Freekin’ ditto. This is one of my worst fears.
No, dammit! It crawled into something (I assume) and after waiting around for half an hour or so I gave up and went to bed. I was certain when I came home tonight I’d walk in the door and it’d fly straight at me, but all’s quiet. I’m sure that’ll change as soon as I hit the post button.
As for freaking out over rabies…yeah, no. This was an active, chipper, slightly-freaked-out bat, not a wobbly, drunk-acting bat. I’m a lot less paranoid about catching rabies than you are.
My family has practiced catch-and-release for ever and I’m usually good at it; I just didn’t have the right tools last night. Now I’m armed with an old fishing net.
My second-favorite bat story involved a rather stuffy cousin who, during a family gathering, spent several minutes stroking what she thought was a child’s stuffed animal until she looked over the arm of the sofa. BEST CHRISTMAS EVER.
The best thing to do is just to give it a way out that is easy for it to locate. You may have to encourage it towards the exit, but most bats are capable of leaving on their own if they can find the exit.
I’ve never understood the belief of people who think that the proper solution is to kill it. That just seems so unnecessary.
As to rabies shots: the last I heard, they were giving around 5 to 6 of them in the arm. The days of stomach injections are pretty much long gone (although I was a thrilled recipient of those: 21 injections over a two-week period when I was ten years old. After about half a dozen of them, the abdominal tissue toughened up, so that the rest of the injections just sat like marbles under my skin. It felt like a pearl necklace around my navel–but not in a fun Las Vegas way–and took them months of achey bruising to finally dissapate completely).
Be gently, bats are cool and important…but don’t take chances on the rabies thing. So far as I know, it’s still uniformly fatal.
Find a synonym for the second use of “exit”.
Dissipate.
Be gentle
I’m going to bed, now. :rolleyes:
Since they’re carriers, they don’t exhibit the same symptoms as a creature that has contracted rabies (i.e., wobbly). That said, the percentage of rabid bats is very low. I know this intellectually, but the phobia lingers, nonetheless.
That christmas story…if that happened to me, it would be my undoing. Seriously.

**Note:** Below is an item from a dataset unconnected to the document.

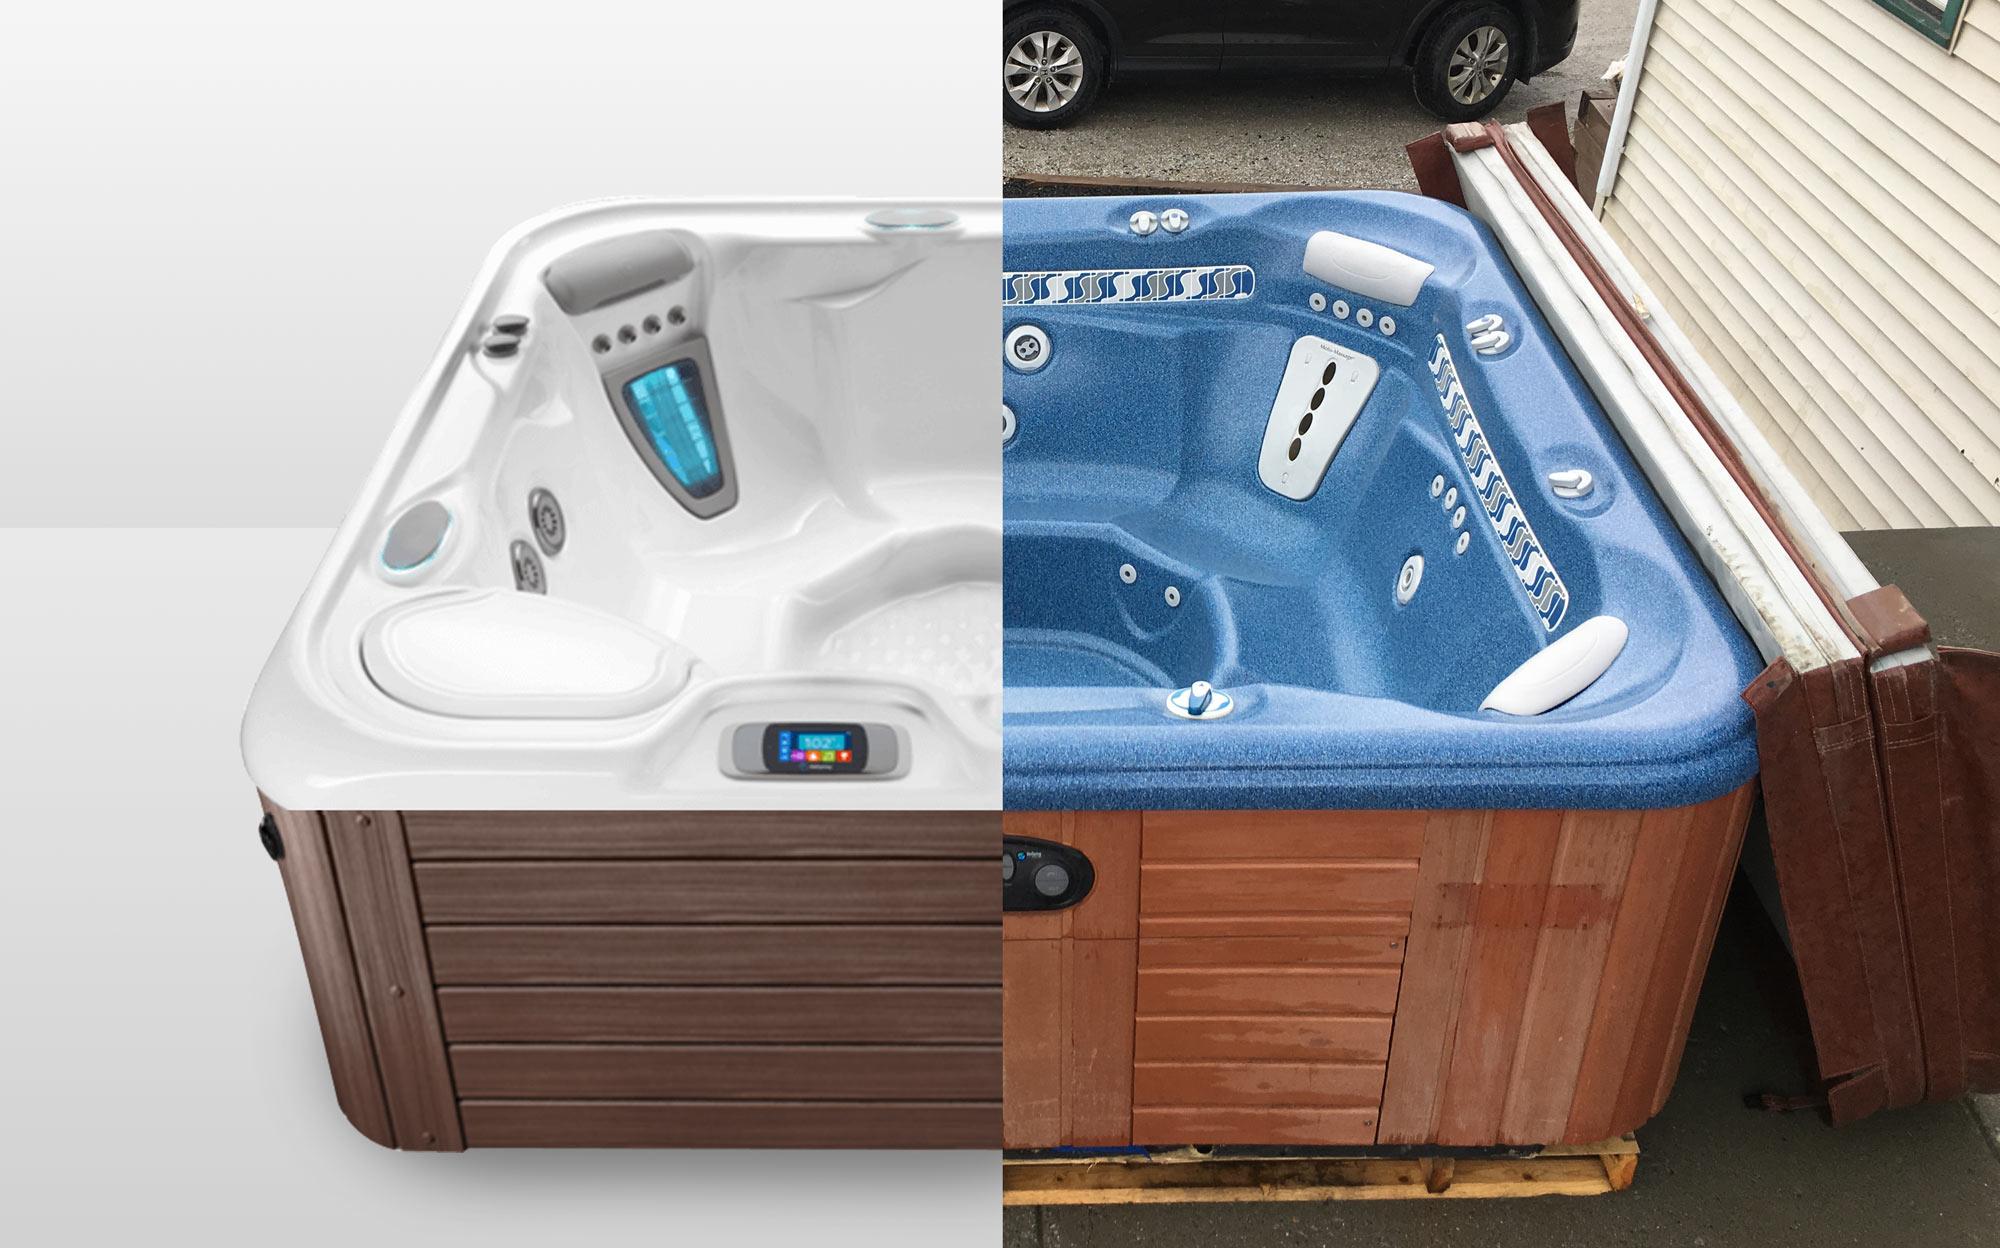 hot tub split view

A coworker of mine had a bat get into his house, and it actually dive-bombed him and his wife. Though they weren’t knowingly bit, the bat was in the house all night at one point when they were sleeping - so they were recommended to get the rabies shots as a proactive measure.
This is also the guy who was struck by lightning, his heart briefly stopped that evening, and for 6 months afterwards was electrified - he would get a shock when touching metal, and shock others when shaking hands. Pretty cool, if you ask me - but probably pretty annoying after a while.
He’s also the one whose basement was flooded this past winter because a local Target going in across the street drastically changed the drainage of the local area. After replacing the hot water heater and furnace, it flooded again this spring.
Yeah, he’s what you call a good luck sumbitch.
They do tell you to get the shots if you have been sleeping in a room with a bat, since people have in fact gotten rabies and been unaware that they were bitten. That’s what happened to the one, one, ONE confirmed case of somebody surviving active rabies - she was sleeping in a room that had a bat in it and did not know she had been bitten.
That aside, I got no problem with bats as long as I’m awake and that Christmas story is awesome.
How did a bat get in your house?
It’s an old building - I see a bat in my hall or the stairway every couple of months and, occasionally, a murdered one outside. :mad:
Which is another reason I’m not rushing off to get a rabies shot; I’d have to get one every three months if they freaked me out, I think.
The only survivor of active rabies without benefit of a vaccine, Jeanna Giese, was actually awake when she was bitten. She carried a sick bat out of her church building.